Logistic Regression
In this post, I’ll talk about some of the basics of logistic regression, and why we would use this type of modeling over linear regression. To help illustrate these concepts, I’ll use the Titanic dataset which can be found here.
Linear Model: Key Assumptions
Before we begin, let’s assume we want to use a linear regression model for our data, and keep in mind the key assumptions of a linear model:
- Linearity- our dependent and independent variables have a linear relationship
- Independence- the errors/residuals are independent
- Normality- the errors/residuals follow a normal distribution
- Equality of variances- the errors/residuals have generally equal variances/follow the same pattern
Example: Relationship between Age and Survival
Let’s take a simple example and check out survival based on age. The ‘Survived’ column is 0 for didn’t survive and 1 for did survive, and the age column is the passengers’ ages. We are wondering whether we can find a relationship between the age of the passenger and whether or not they survived. Here’s a scatter plot:
Notice how the points form two separate lines. If we think about what the ‘Survived’ variable is, it makes sense that we have two separate lines of points, as ‘Survived’ can only be either 0 or 1. How would we even place a line of best fit?

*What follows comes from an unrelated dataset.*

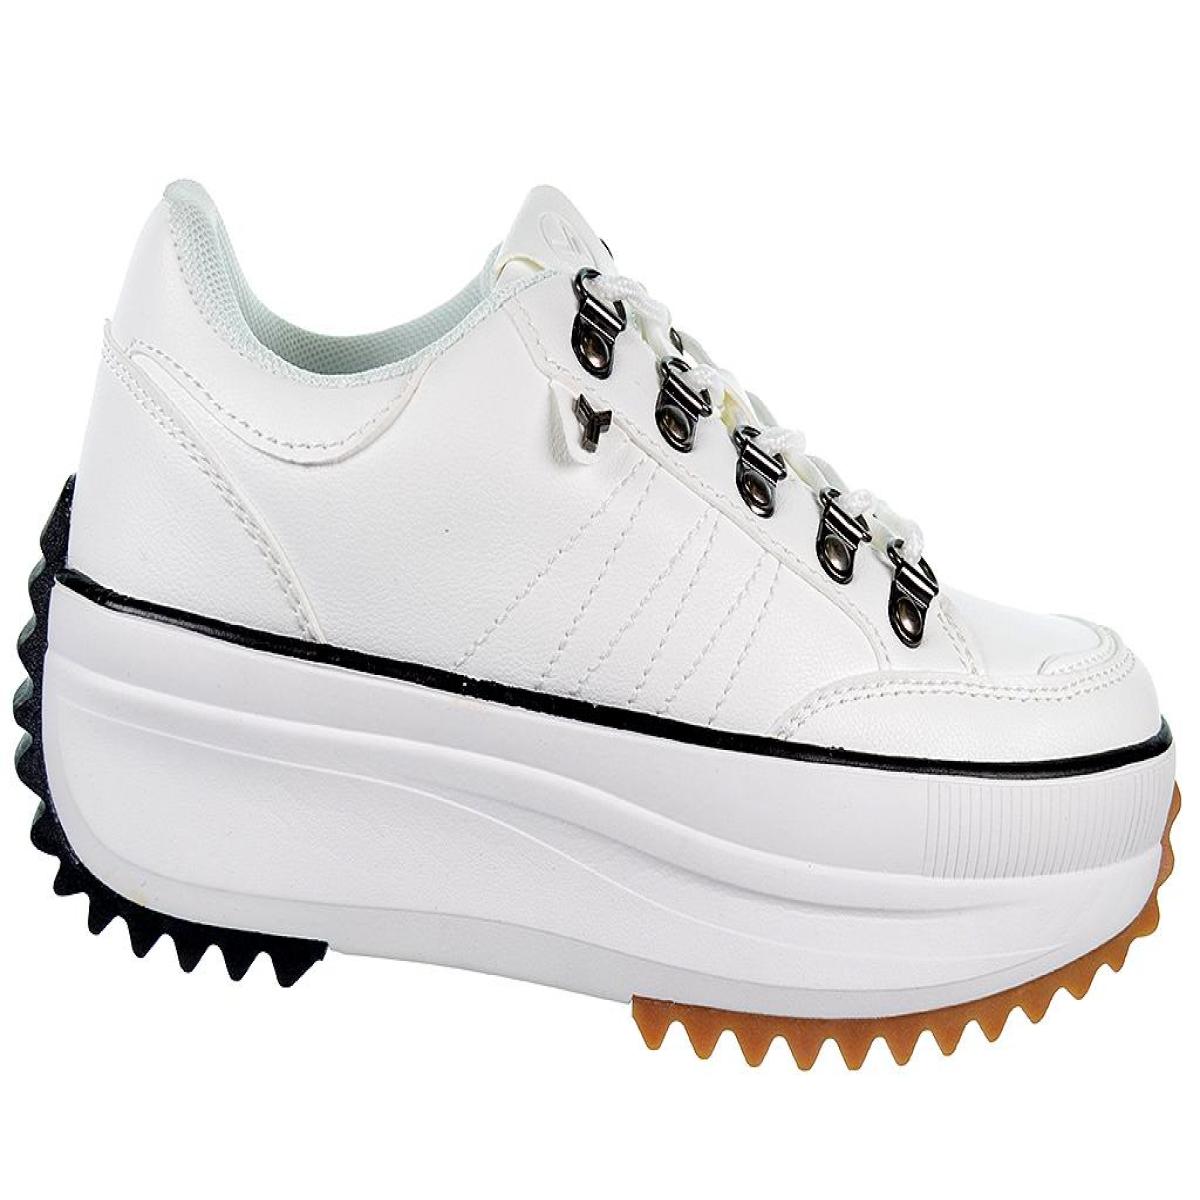 Soira Yumas zapato Sneaker microfibra, forro textil y plantilla confort látex. cordones. suela de goma antideslizante.

There isn’t an area that makes sense for a line to best describe the data we have. Referring back to the key assumptions, we can already cross off the linearity assumption: for X and Y to have a linear relationship, a change in 1 unit of X implies a change in Y. Our data doesn’t act in this condition, as one distinct age could be either of the Y values. While this data already doesn’t qualify for a linear model, we can confirm this by looking at the residuals.
import seaborn as sns
sns.residplot(x='Age',y='Survived', data=titanic)
Note- the residplot function above is extremely useful for determining whether or not a linear model can be used. You can check out the residuals without even having to fit the data to a linear regression model (function does that).
Clearly, we cannot say that the residuals follow a normal distribution. Why? A simple check is to observe the shape: a normal distribution is that of a bell curve, and we have parallel lines here. Two out of the four key assumptions do not apply to our data, and therefore, means we cannot use linear regression. Since we’ve proved this, moving forward we can just rule out linear regression for data where the dependent variable, ‘Survived’ in our case, has binary values.
Genearlized Linear Models
Before I go into why logistic regression is ideal for this scenario, I need to quickly discuss a Generalized Linear Model (GLM). There are three main characteristics of a GLM:
- Linear Component- relationship between X and y
- Link Component- transformation of linear regression line
- Random Component- error distribution
Linear Component
Instead of requiring a linear relationship between X and Y (linear regression), the standards are a bit more lax for a GLM–this is because we have a relationship between X and Y that isn’t linear, but we want to generalize this relationship into a linear relationship.
With respect to logistic regression, what is the linear component? Here is a little diagram showing how we take the log function and substitute in the equation of a line (linear equation). Basically, what’s happening is that the -t exponent in the denominator is replaced with the linear fcn, t. So the exponent becomes the right hand side of the linear equation:
Link Component
How do we get our link component? This link component links our linear component back to linear regression, and is called the logit. The logit is the inverse of the logistic function above.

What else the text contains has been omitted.